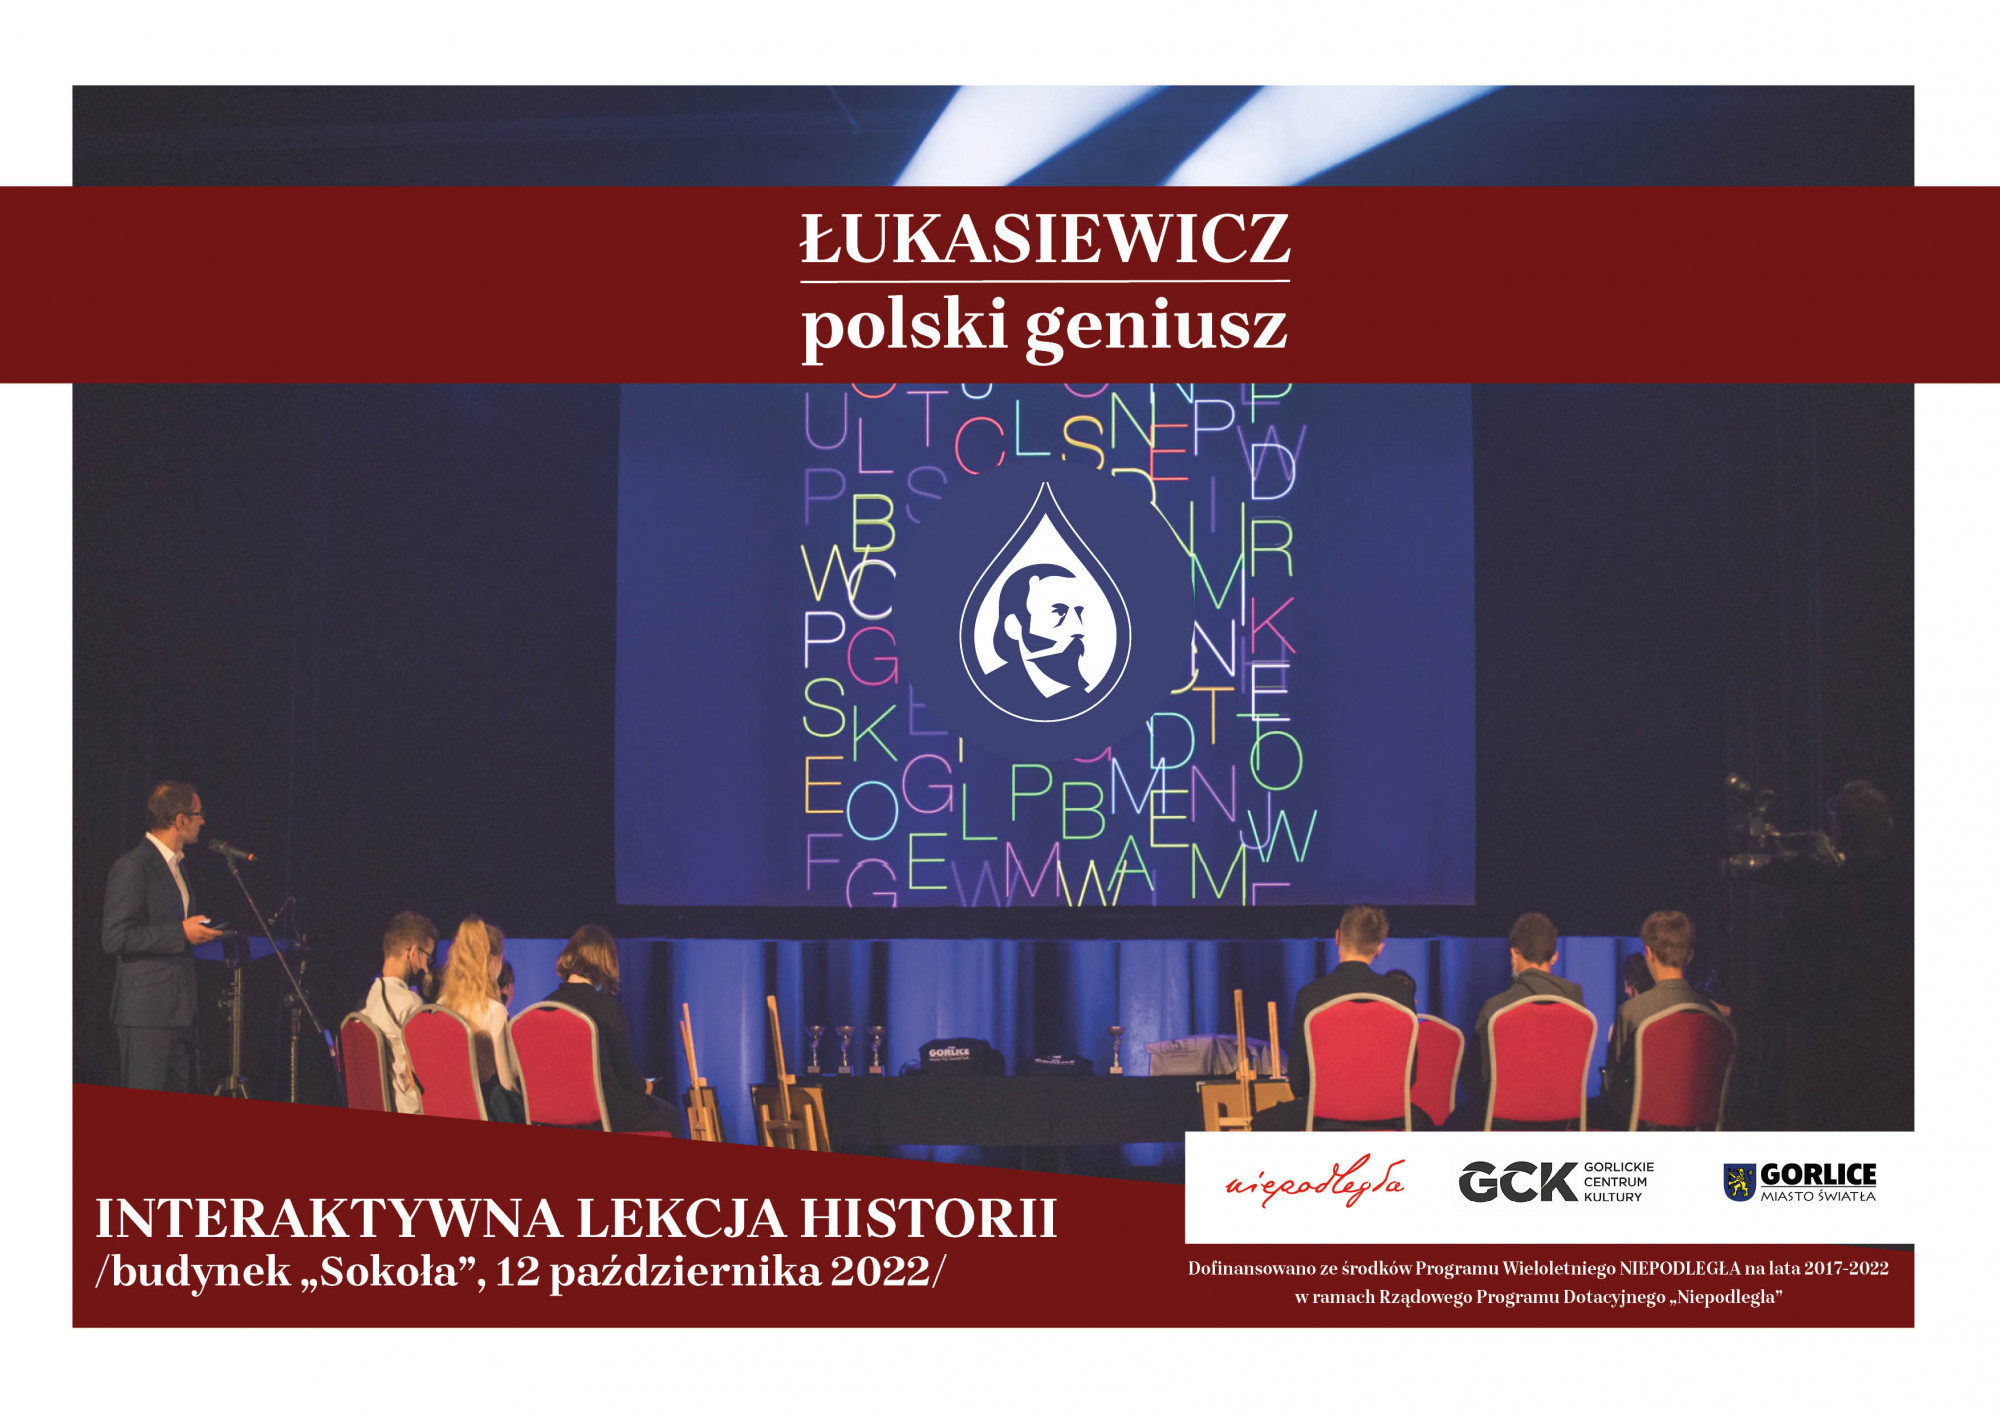 Oglądaj Interaktywną lekcję historii o Łukasiewiczu na żywo!
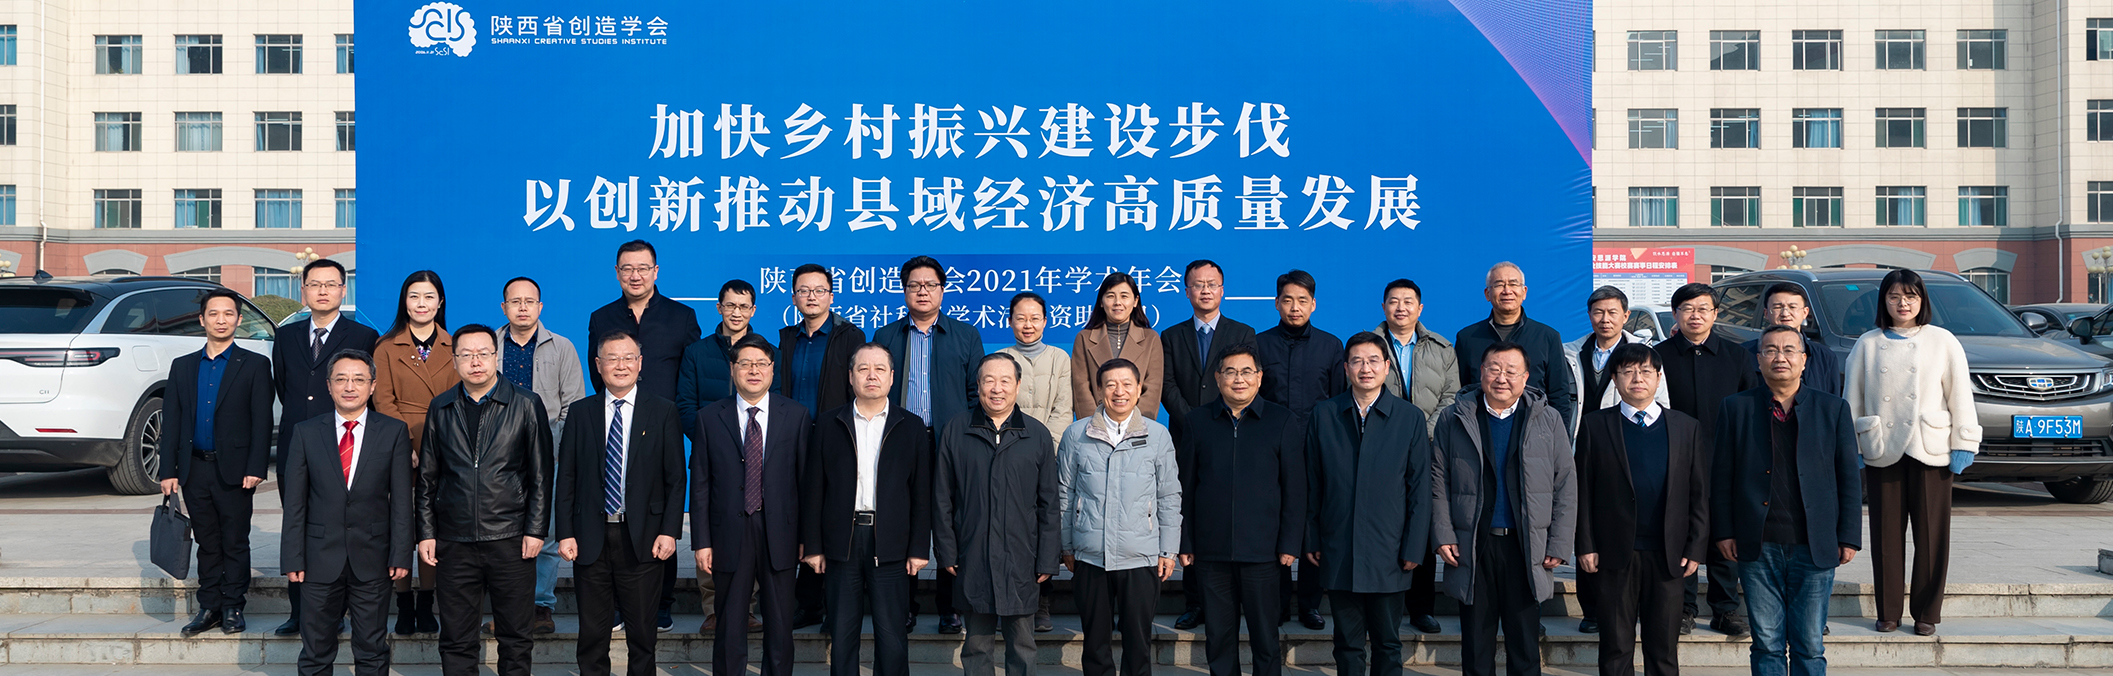 陕西省创造学会2021年学术年会暨县域经济专业委员会成立大会与会代表留影
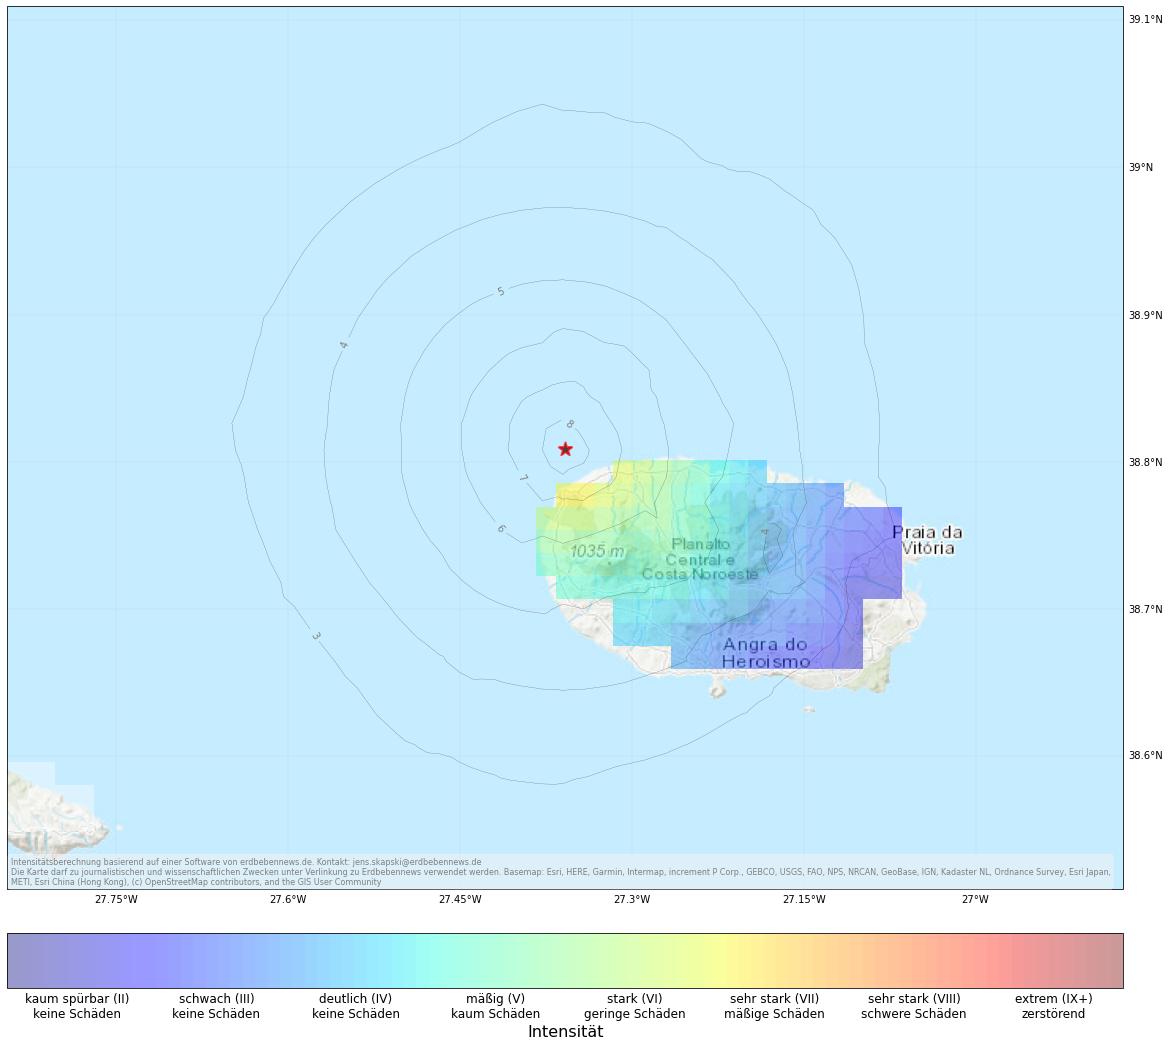 Berechnete Intensität (ShakeMap) des Erdbebens der Stärke 4.5 am 14. Januar, 9:19 Uhr in Portugal

•••••

> _Problem to solve_
Begin at the line containing "陕西省创造学会2021年学术年会暨县域经济专业委员会成立大会与会代表留影" and copy every line through the end of the data above exactly, omitting the pictures.

> _Answer_
 陕西省创造学会2021年学术年会暨县域经济专业委员会成立大会与会代表留影
 Berechnete Intensität (ShakeMap) des Erdbebens der Stärke 4.5 am 14. Januar, 9:19 Uhr in Portugal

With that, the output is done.